**Information provided**
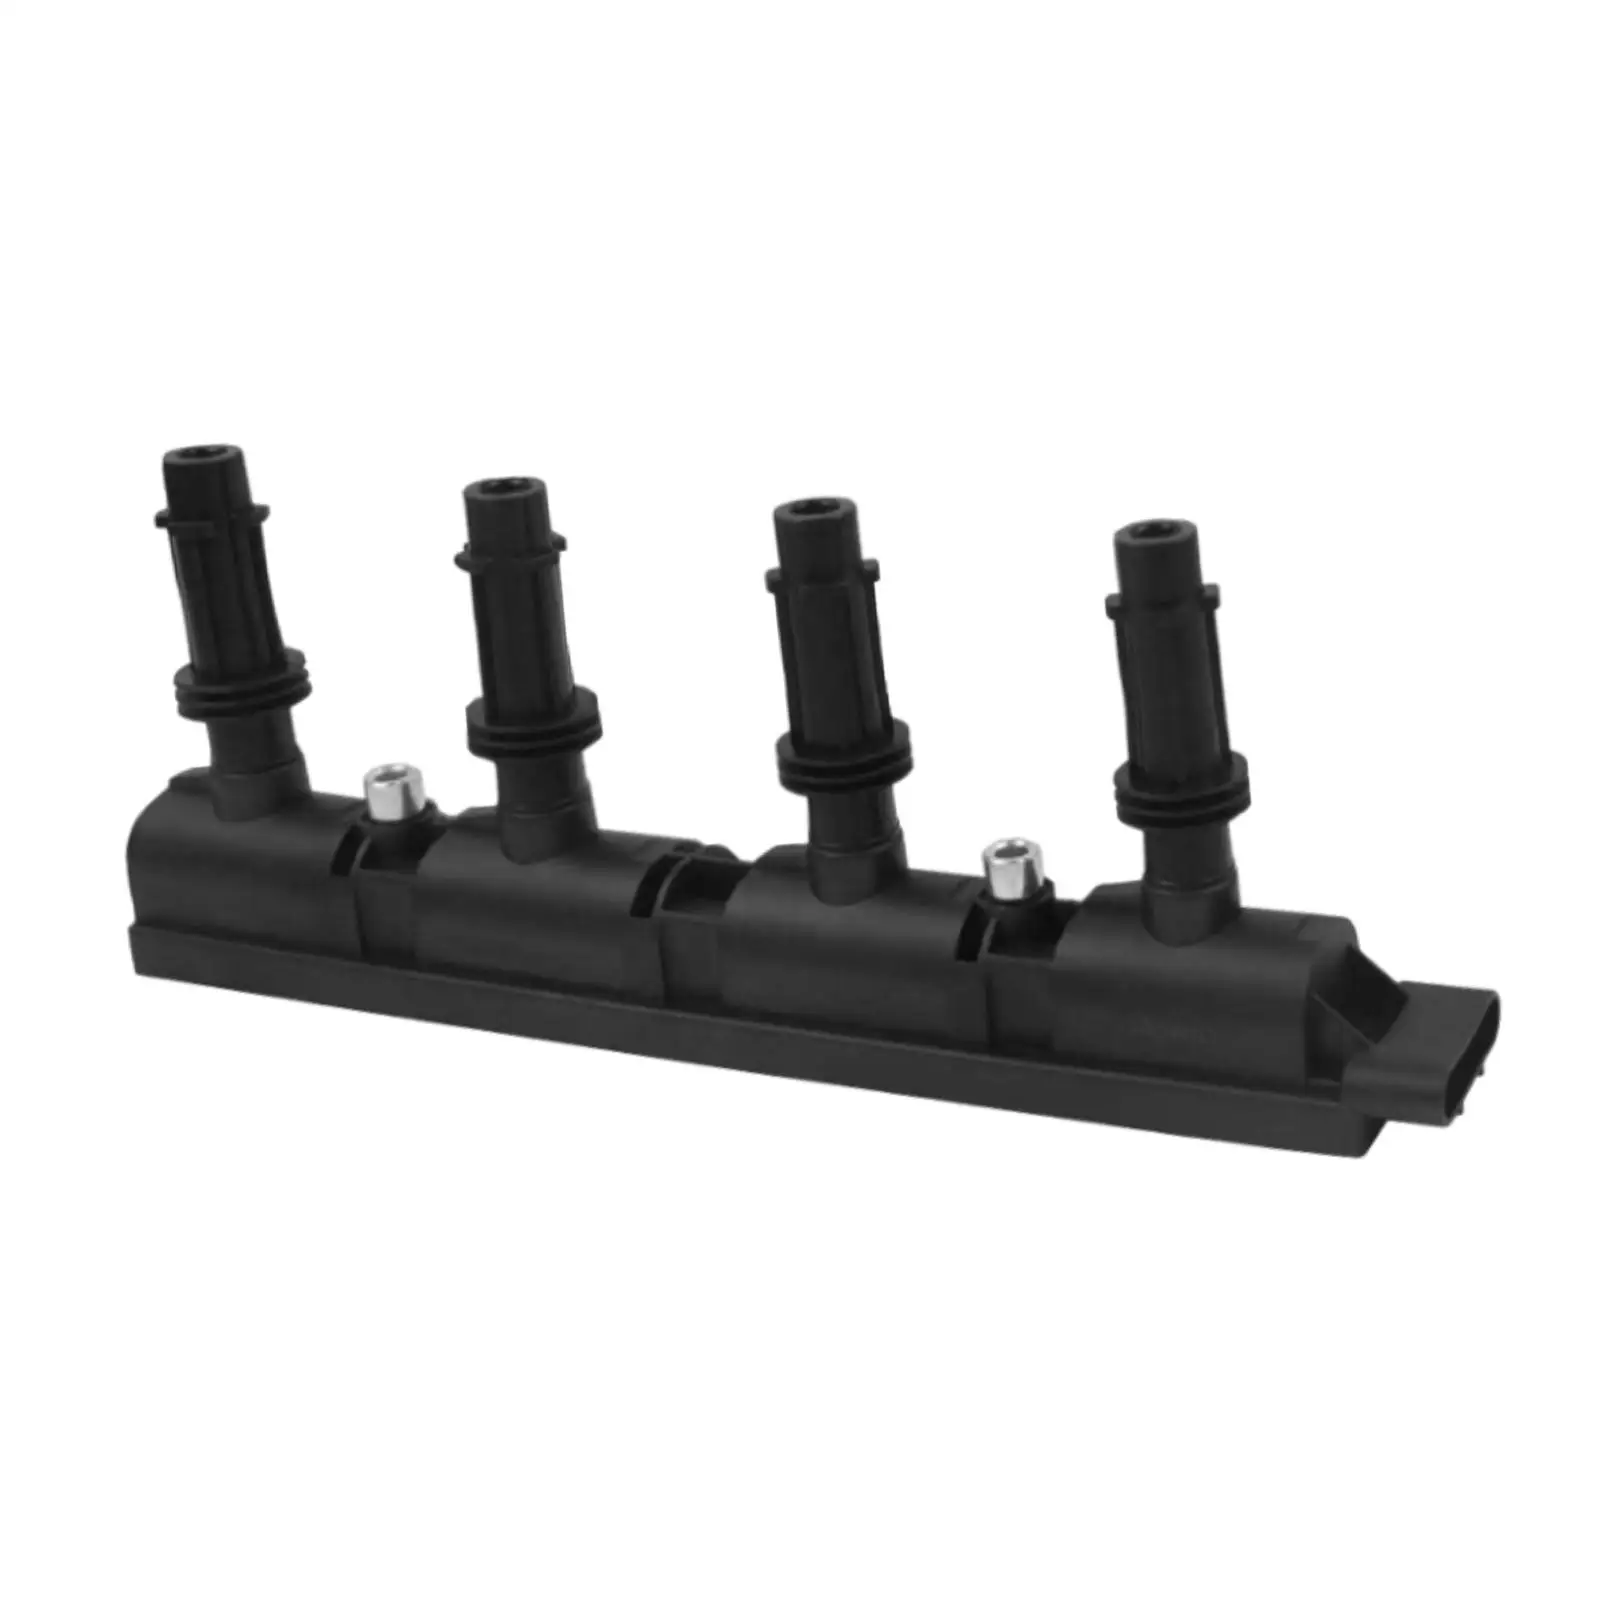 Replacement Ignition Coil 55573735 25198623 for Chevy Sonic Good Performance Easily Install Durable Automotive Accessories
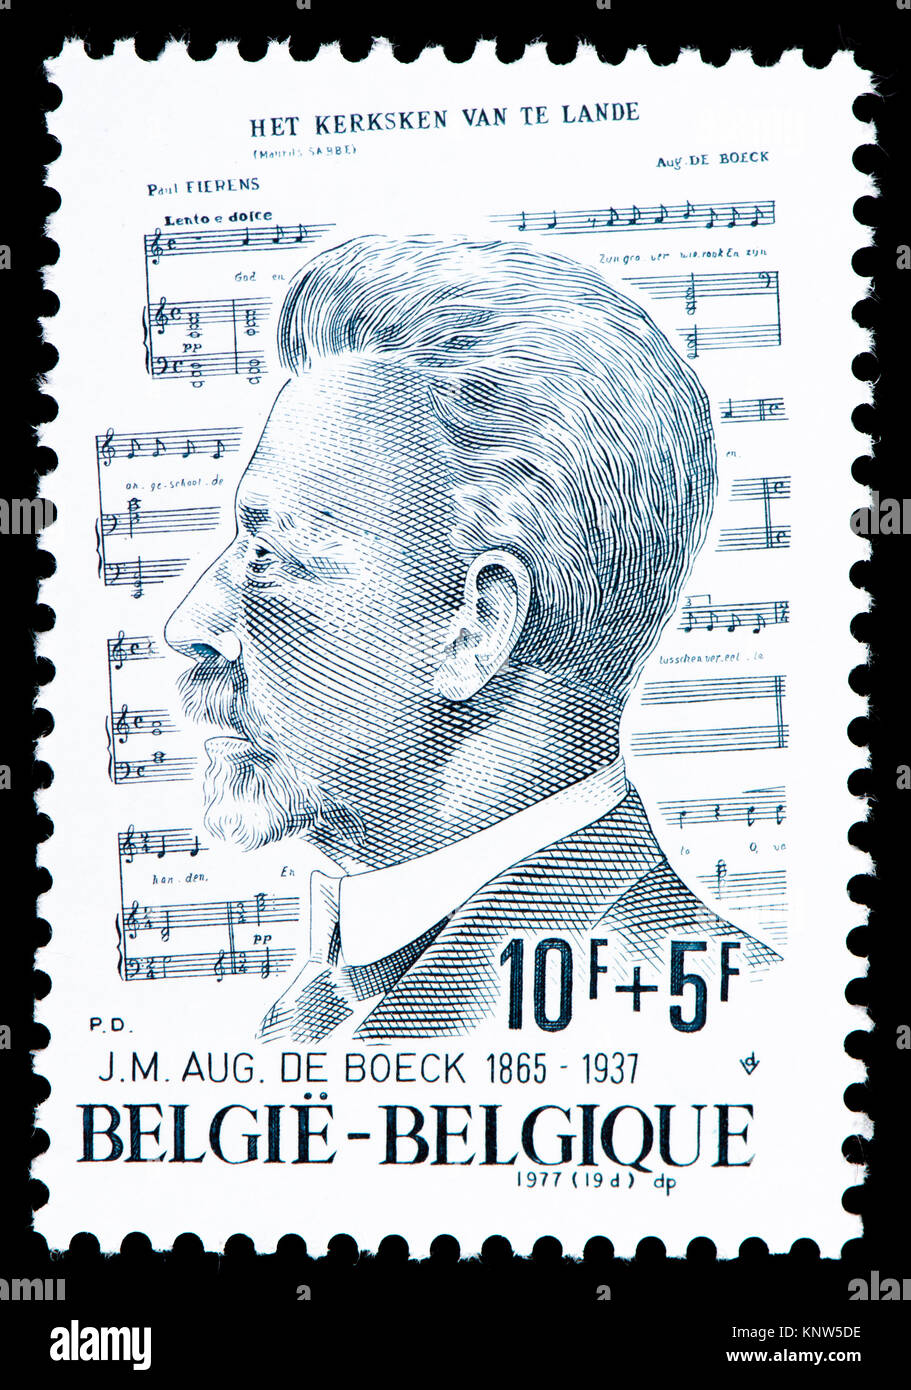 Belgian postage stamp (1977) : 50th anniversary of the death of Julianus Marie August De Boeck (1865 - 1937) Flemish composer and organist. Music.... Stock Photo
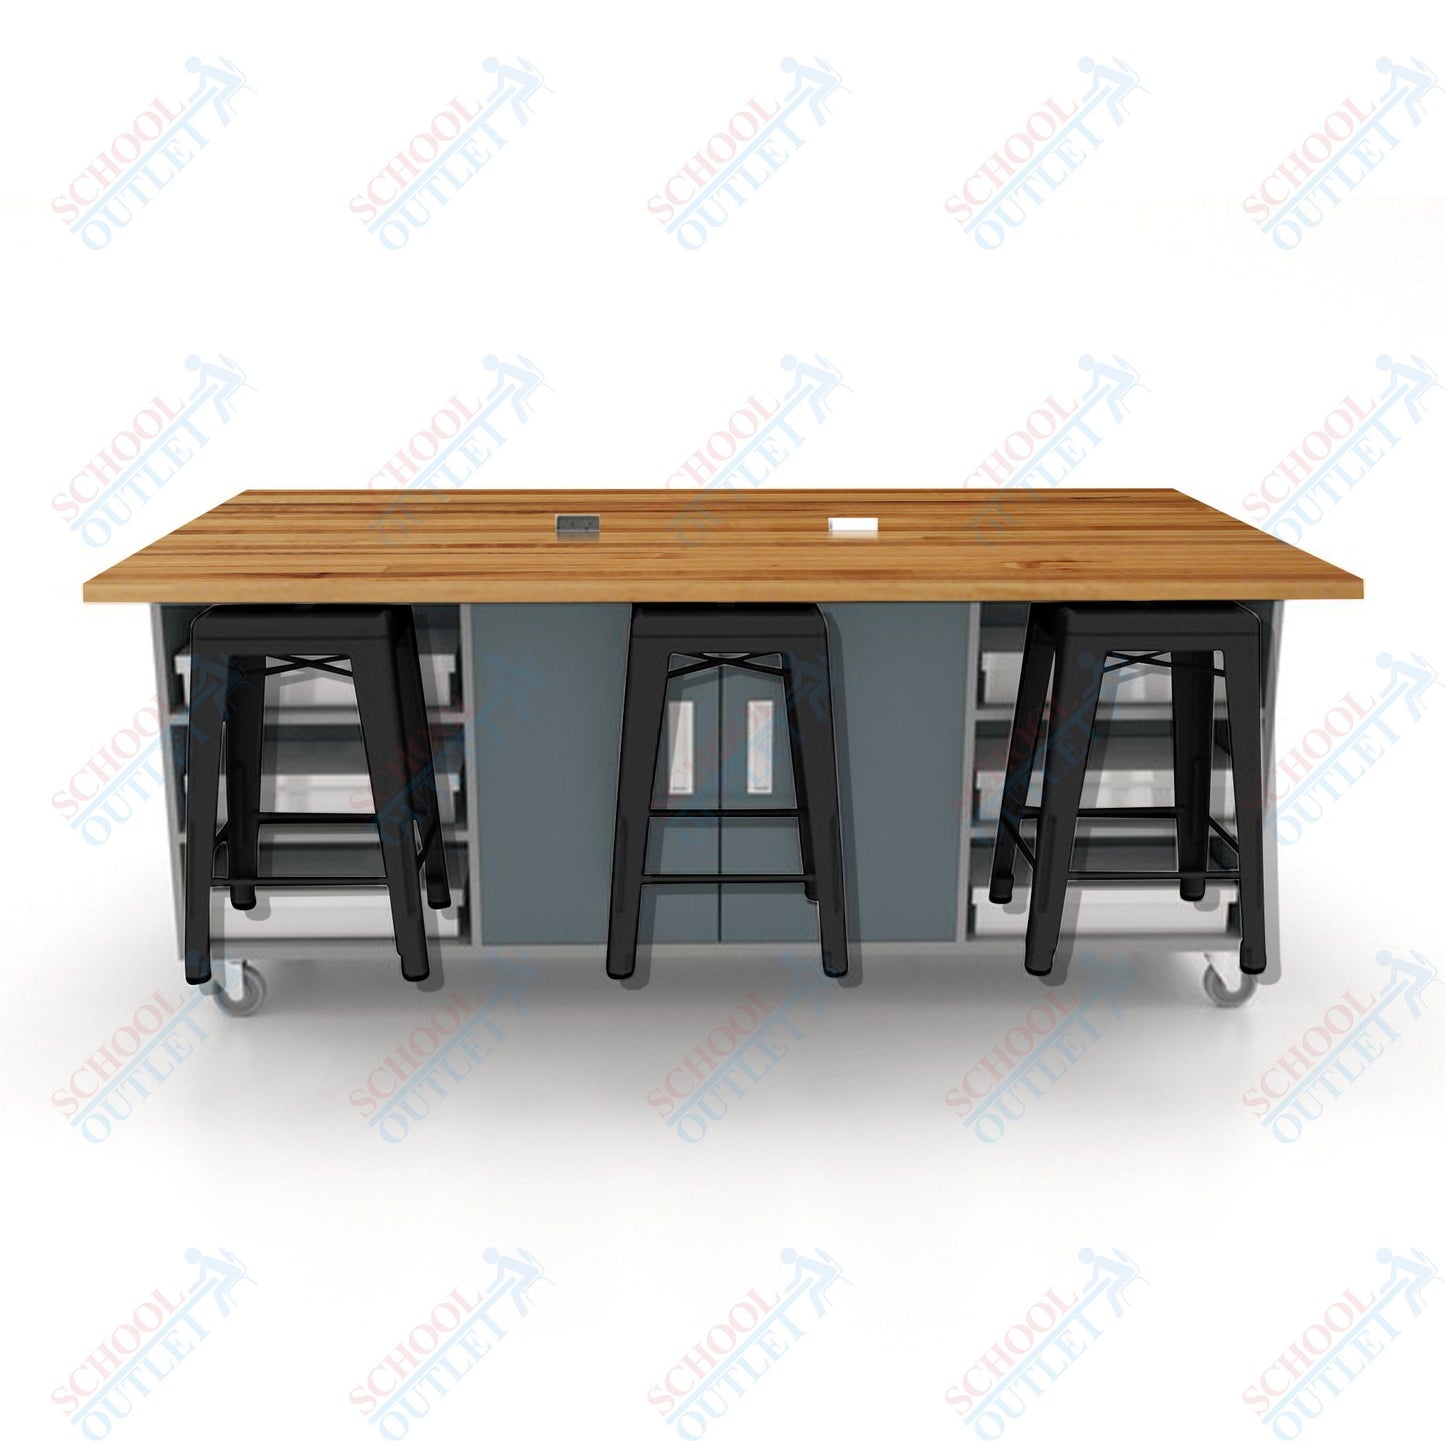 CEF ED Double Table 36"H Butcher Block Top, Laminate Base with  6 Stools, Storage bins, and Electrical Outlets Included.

**Your objective**
Give back every line of the material above word for word, leaving out the pictures.

**Answer below**
 Replacement Ignition Coil 55573735 25198623 for Chevy Sonic Good Performance Easily Install Durable Automotive Accessories
 Belgian postage stamp (1977) : 50th anniversary of the death of Julianus Marie August De Boeck (1865 - 1937) Flemish composer and organist. Music.... Stock Photo
 CEF ED Double Table 36"H Butcher Block Top, Laminate Base with  6 Stools, Storage bins, and Electrical Outlets Included.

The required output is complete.